WBKZ
- Havelock, North Carolina; United States;
- Frequency: 105.1 MHz
- Branding: Air1

Programming
- Format: Worship music
- Affiliations: Air1

Ownership
- Owner: Educational Media Foundation

History
- Former call signs: WKVO-FM (1971–1978); WMSQ (1978–1996); WANG (1996–1999); WANG-FM (1999–2005); WKOO (2005); WSSM (2005–2008); WRQR (2008); WSSM (2008–2010); WLVG (2010–2018); WHAR (2018–2024);

Technical information
- Licensing authority: FCC
- Facility ID: 47106
- Class: C3
- ERP: 18,500 watts
- HAAT: 117 meters (384 ft)
- Transmitter coordinates: 34°45′7.6″N 76°52′55.8″W﻿ / ﻿34.752111°N 76.882167°W

Links
- Public license information: Public file; LMS;
- Webcast: Listen Live
- Website: air1.com

= WBKZ =

WBKZ (105.1 FM) is a radio station broadcasting a Christian worship format branded as Air1. WBKZ is licensed to Havelock, North Carolina. The station was sold in 2010 by NM Licensing LLC. The station is owned by the Educational Media Foundation.

==History==
The station was assigned the call sign WKVO-FM in 1971, and was sold to MusicRadio, Inc., a Maryland-based group, who changed the call sign to WMSQ ("Q105") in 1978. The station proved to be a valuable asset to the town of Havelock and the nearby Marine Air Station at Cherry Point during several hurricanes in the 1980s. Havelock's business "golden age" peaked during the station's successful years from 1979 to 1990, partly due to the community involvement of its management and on-air personalities.

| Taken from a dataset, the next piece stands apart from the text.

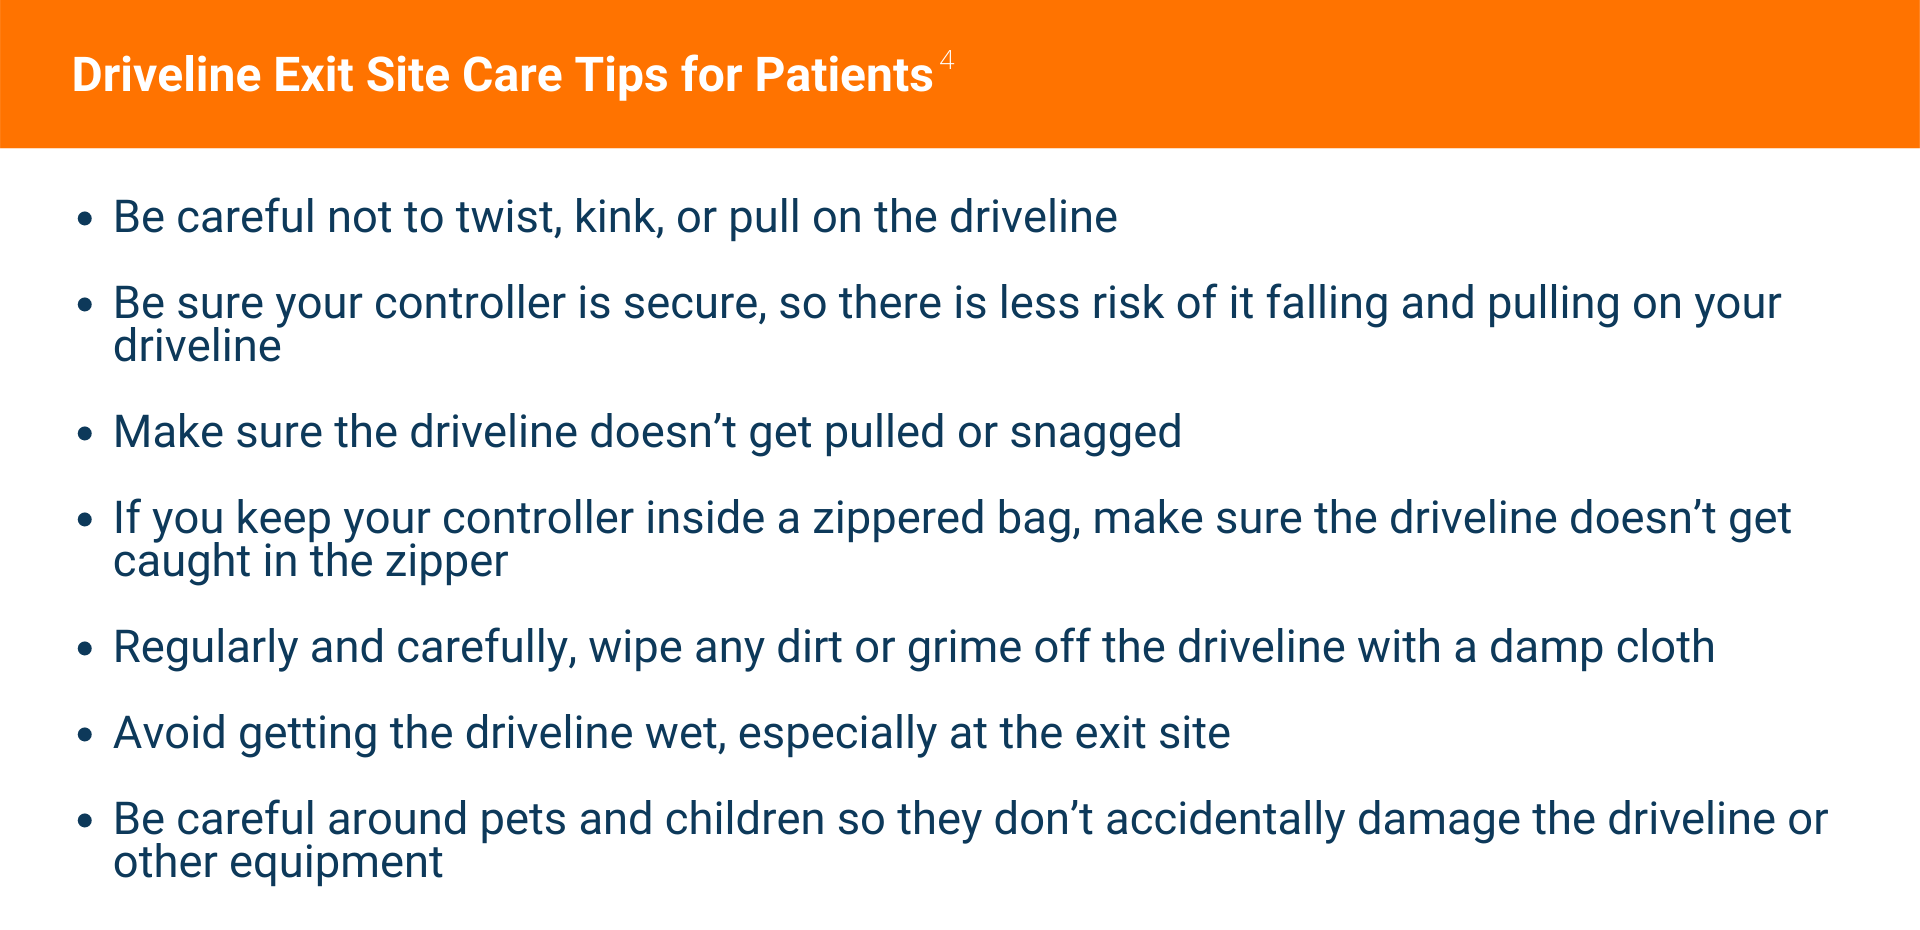 Text: Driveline Exit Site Care Tips for Patients Be careful not to twist, kink, or pull on the driveline Be sure your controller is secure, so there is less risk of it falling and pulling on your driveline Make sure the driveline doesn’t get pulled or snagged If you keep your controller inside a zippered bag, make sure the driveline doesn’t get caught in the zipper Regularly and carefully, wipe any dirt or grime off the driveline with a damp cloth Avoid getting the driveline wet, especially at the exit site Be careful around pets and children so they don’t accidentally damage the driveline or other equipment

Arbitron ratings consistently saw the small station competing with much more powerful FM stations in nearby New Bern and Washington.

On August 15, 1996, the station changed its call sign to WANG, and switched to country music; the call sign was modified to WANG-FM on January 22, 1999. Later, WANG-FM switched to adult standards. The station switched briefly to Westwood One oldies; in April 2005, the call sign changed to WKOO ("Kool 105.1"). On June 13, 2005, the station changed to the Westwood One "Sam FM" adult hits format; the call sign changed to WSSM on June 21, 2005.

In October 2006, WSSM returned to Dial Global's adult staandards format "America's Best Music". In late April 2008, WSSM returned to the SAM "Simply About Music" adult hits format.

On May 27, 2010, WSSM ceased operation as it changed formats when sold by NextMedia Group under new ownership and changed its call sign to WLVG.

On April 16, 2018, the station changed its call sign to WHAR. On March 28, 2024, the station changed its call sign to WBKZ.